→ **PROBLEM**
Return exactly the lines below, starting with the one that has "Stunning watercolor of" and going on through the one that has "Original one-of-a-kind artwork".

→ **RECORDS FOR THIS TASK**
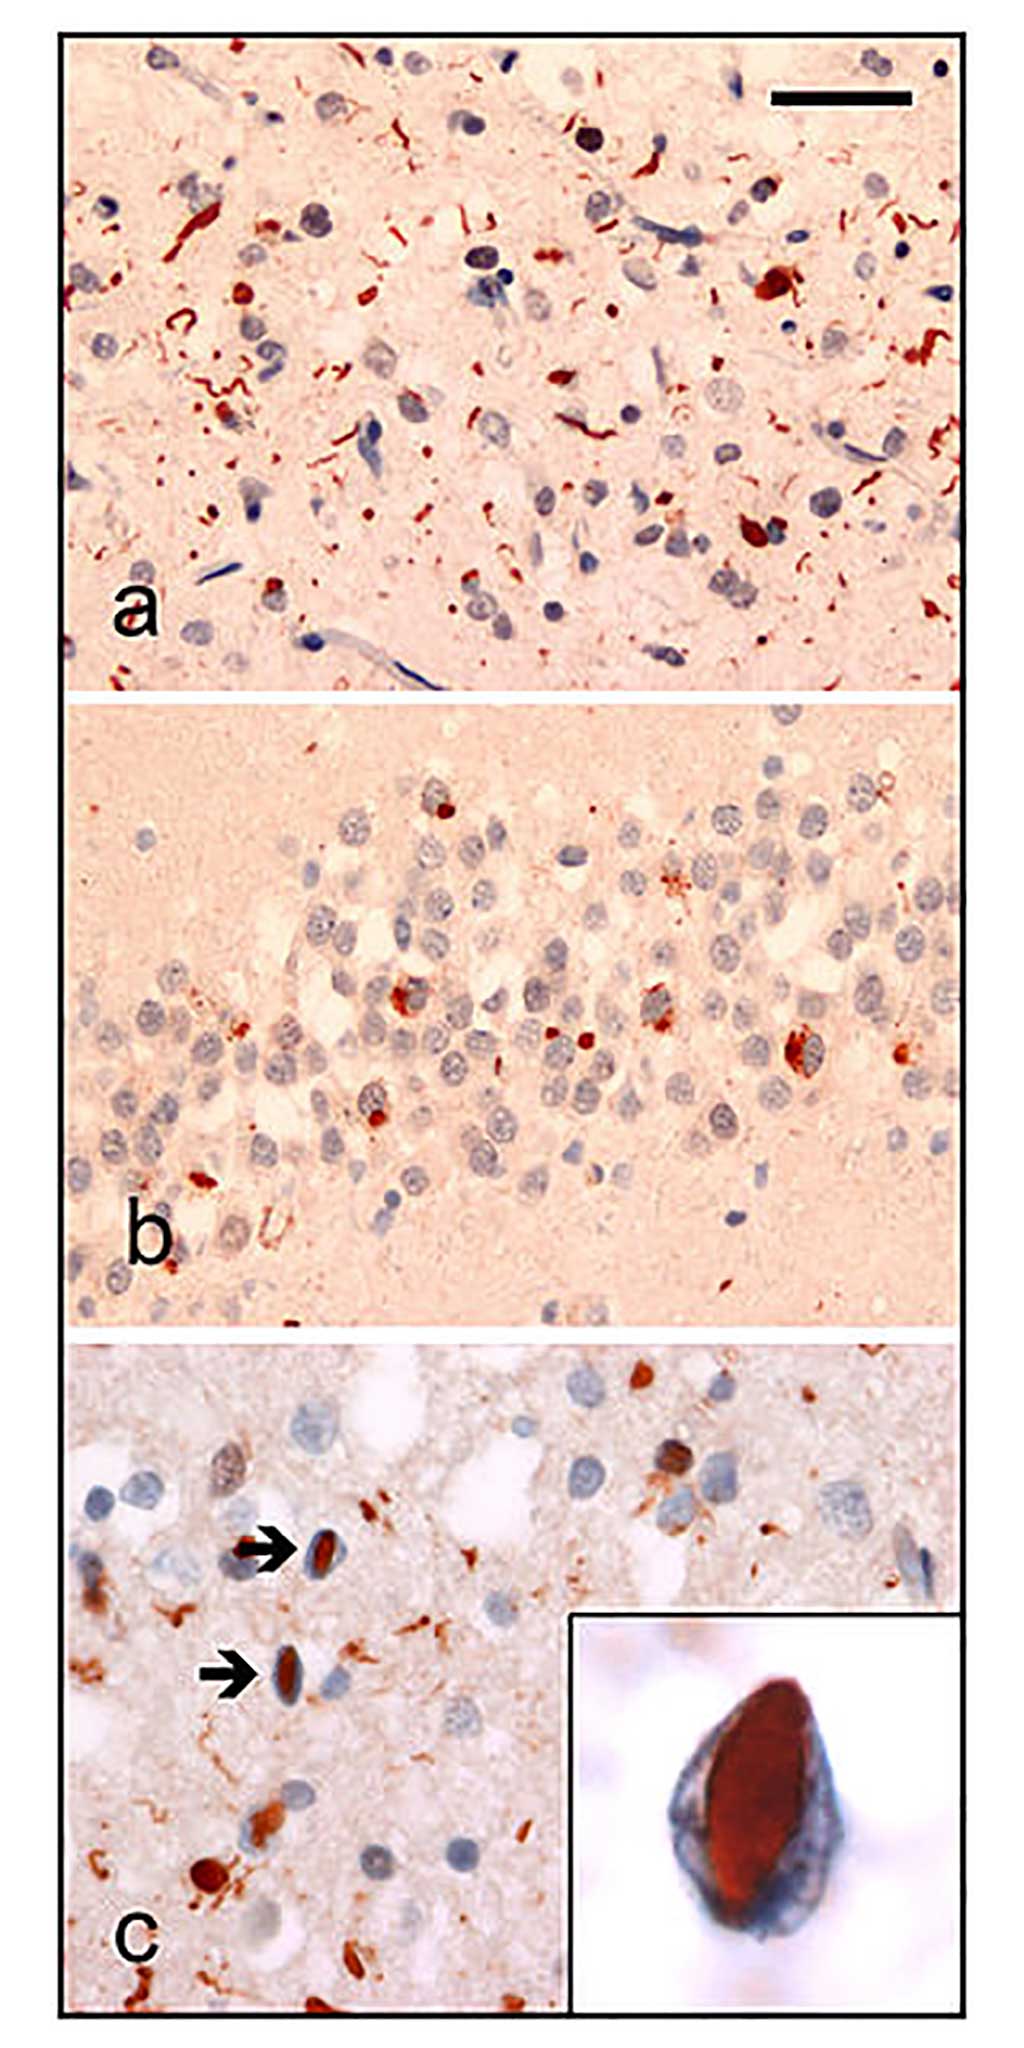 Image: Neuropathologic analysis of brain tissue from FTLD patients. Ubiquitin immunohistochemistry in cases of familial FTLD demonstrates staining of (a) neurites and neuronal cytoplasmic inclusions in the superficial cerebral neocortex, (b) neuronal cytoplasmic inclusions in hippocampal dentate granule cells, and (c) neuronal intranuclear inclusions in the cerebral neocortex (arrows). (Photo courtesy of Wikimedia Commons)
--
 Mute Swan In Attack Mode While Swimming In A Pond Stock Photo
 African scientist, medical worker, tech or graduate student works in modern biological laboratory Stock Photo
...
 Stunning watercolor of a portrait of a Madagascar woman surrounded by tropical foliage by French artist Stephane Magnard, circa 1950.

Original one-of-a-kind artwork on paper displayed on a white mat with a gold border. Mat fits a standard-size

→ **ANSWER SECTION**
 Stunning watercolor of a portrait of a Madagascar woman surrounded by tropical foliage by French artist Stephane Magnard, circa 1950.

Original one-of-a-kind artwork on paper displayed on a white mat with a gold border. Mat fits a standard-size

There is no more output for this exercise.